4. Camera at chest height — and slightly more often, at hip height
For most rooms, chest height (four to five feet) is correct. Bathrooms are the exception. Vanities and counters sit lower than living-room surfaces, and a chest-height camera makes the counter look like the focal point.
The grid still applies. Keep verticals straight.
What buyers are actually looking for in the bathroom photo
The bathroom photo is not a beauty shot. It is a functionality and quality shot. Buyers want to see:
- The size relationship between the tub or shower, the vanity, and the toilet. They are checking whether they can move comfortably in the room.
- Storage. Vanity drawers, linen closet, recessed shelving in the shower, medicine cabinet.

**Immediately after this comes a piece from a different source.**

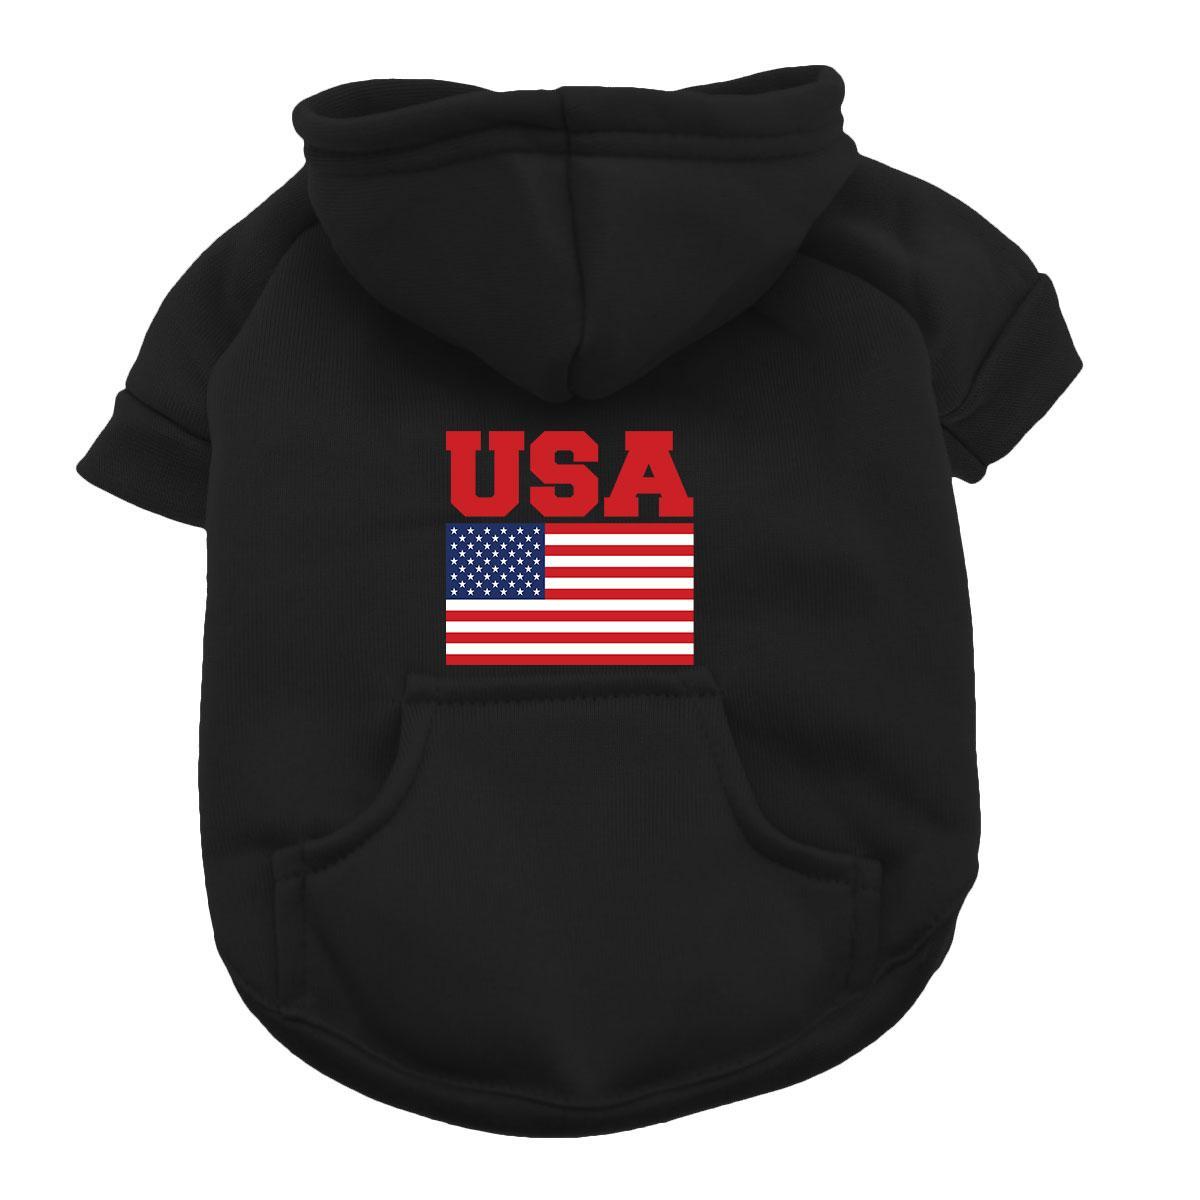 USA Dog Hoodie - Black
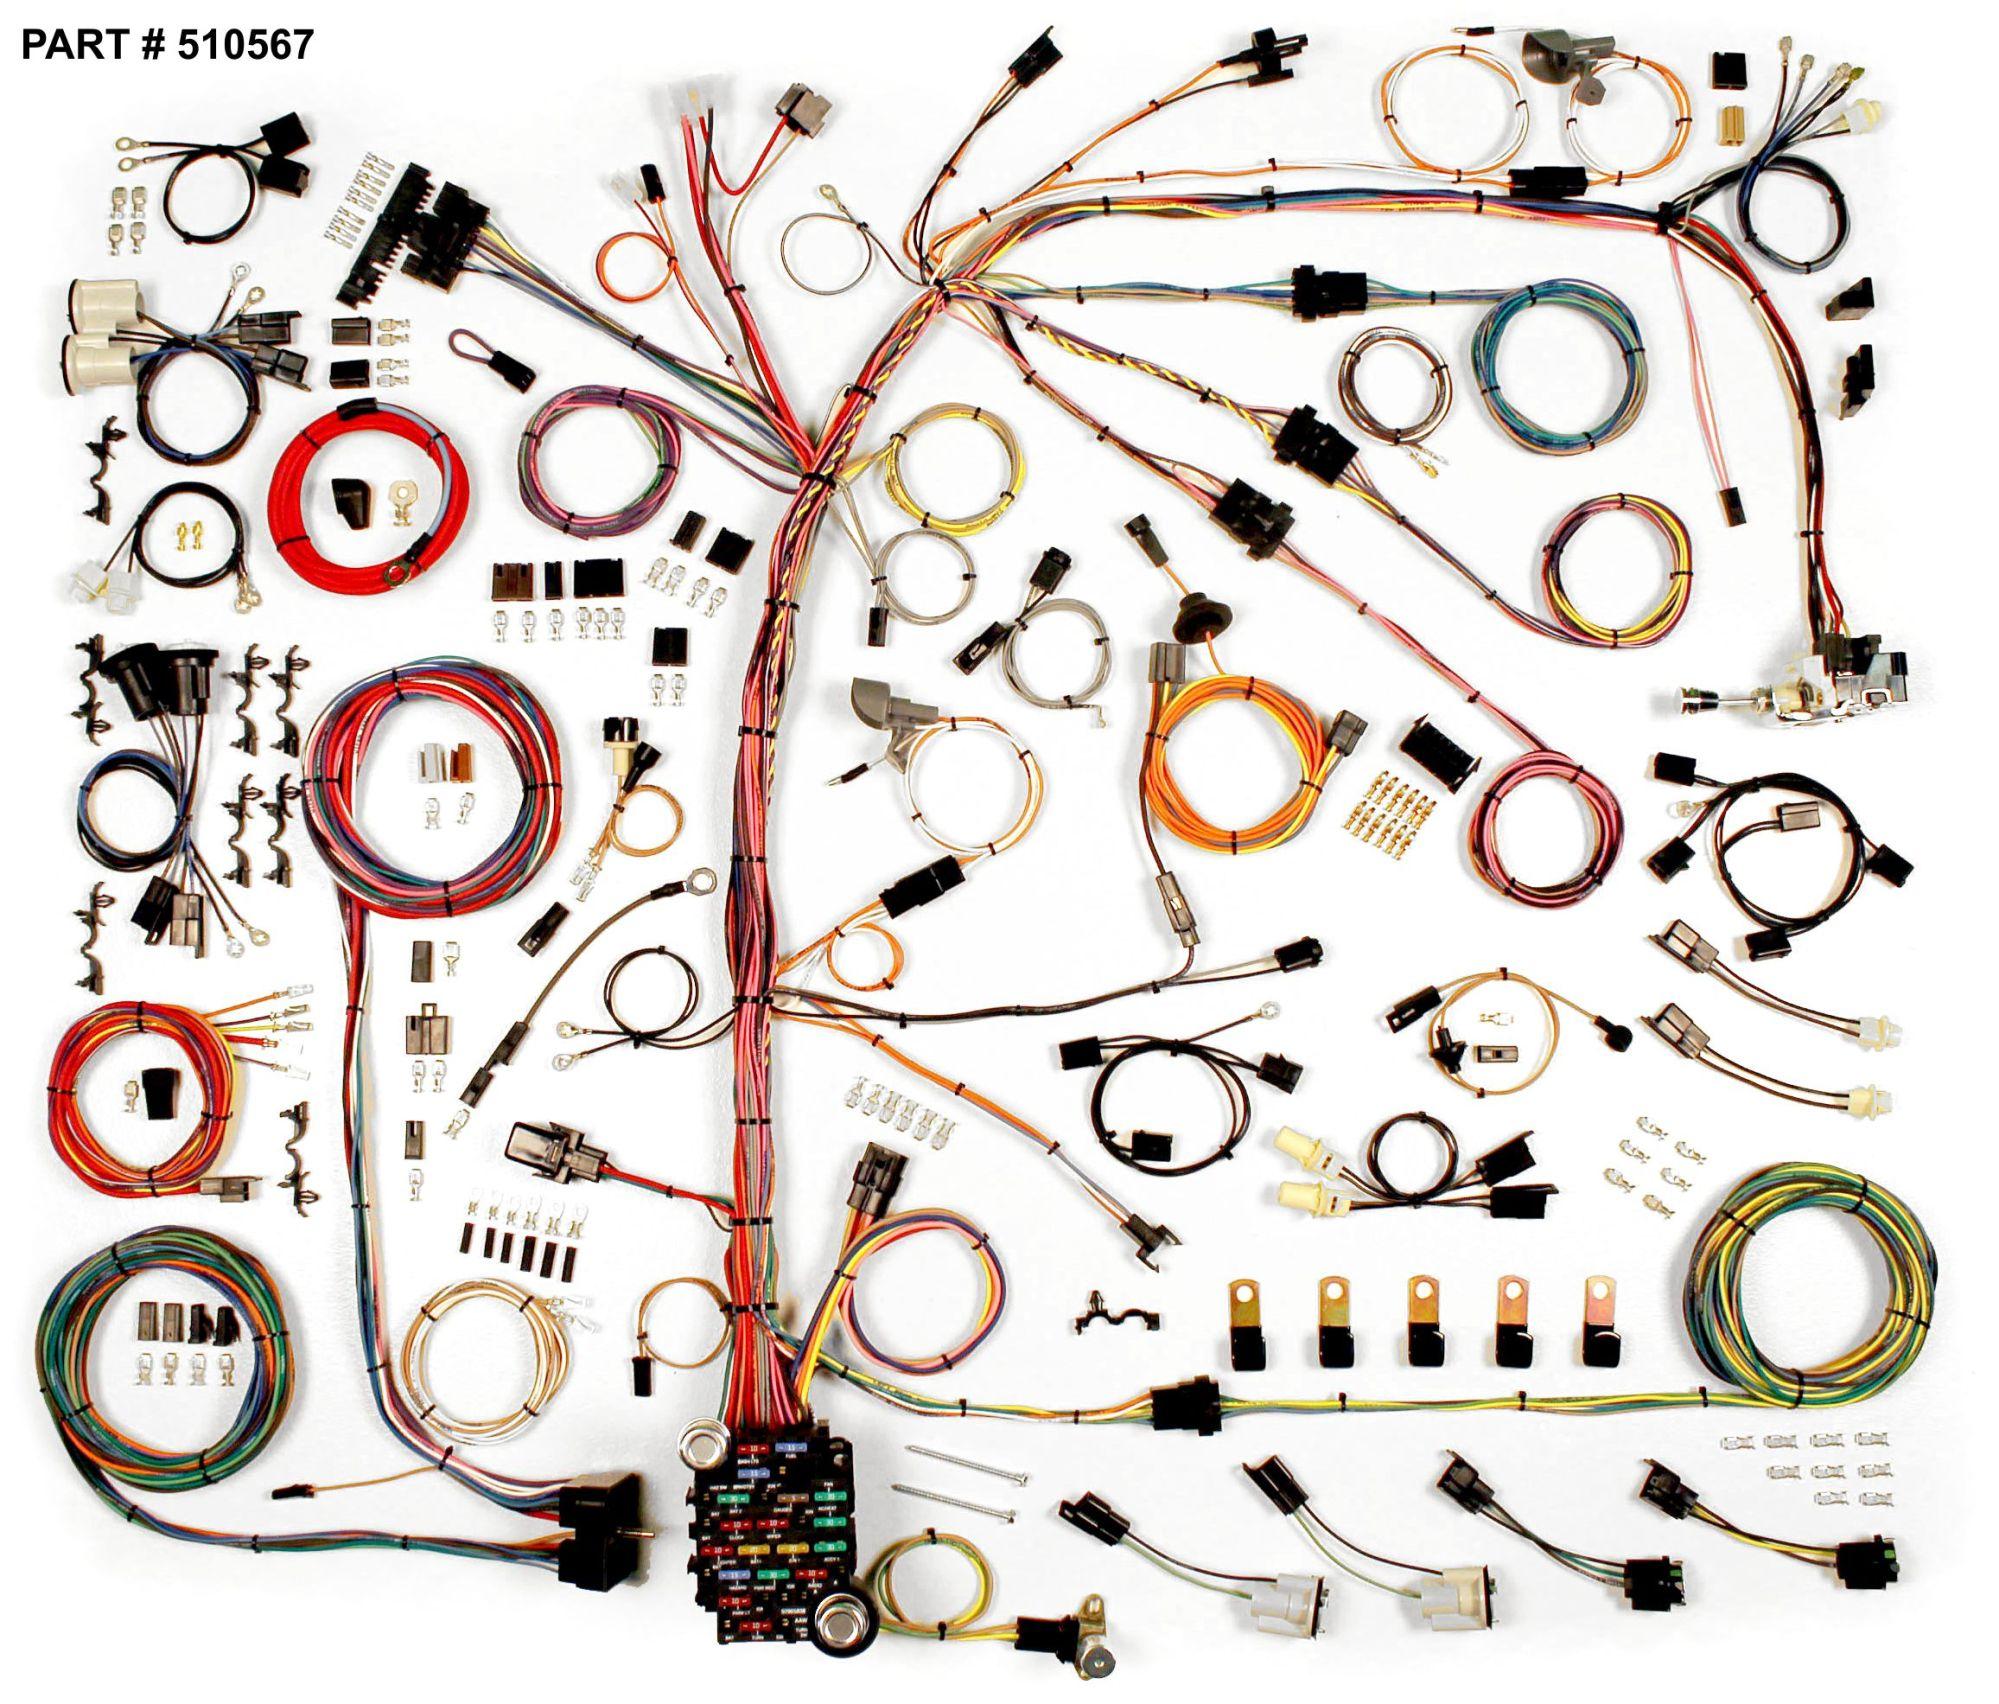 hight resolution of 1974 77 camaro restomod wiring harness system

- The finishes. Tile, counter, fixtures, faucet. Specifically: are the finishes consistent and reasonably current?
- Light. Is there a window? Is the vanity well-lit? Bathrooms with no window are not deal-breakers, but they need to read bright enough to feel cared for.
A bathroom photo that surfaces those four cleanly will outperform a beauty shot every time.
Two specific buyer-preference numbers worth knowing: the NAHB What Home Buyers Really Want survey has reported for years that private water closets, walk-in pantries, and double vanities rank among the most-desired bathroom and adjacent-storage features. A bathroom listing photo that shows even one of these in passing — a dedicated water closet door, a clearly visible second vanity sink, a glimpse of a linen closet — does work the description cannot.
The short version
Bathrooms photograph small because the camera is in the doorway, the mirror is full of photographer, the bulbs do not match, and the tripod is at the wrong height. Fix those four and the room reads its actual size. Hip-height tripod, corner position, matched bulbs, mirror clear of reflections. That is the entire technique.
Sources
- NAHB — What Home Buyers Really Want (most recent edition, biennial)
- NAR — 2024 Profile of Home Buyers and Sellers Highlights
The room is bigger than the photo. Shoot it that way.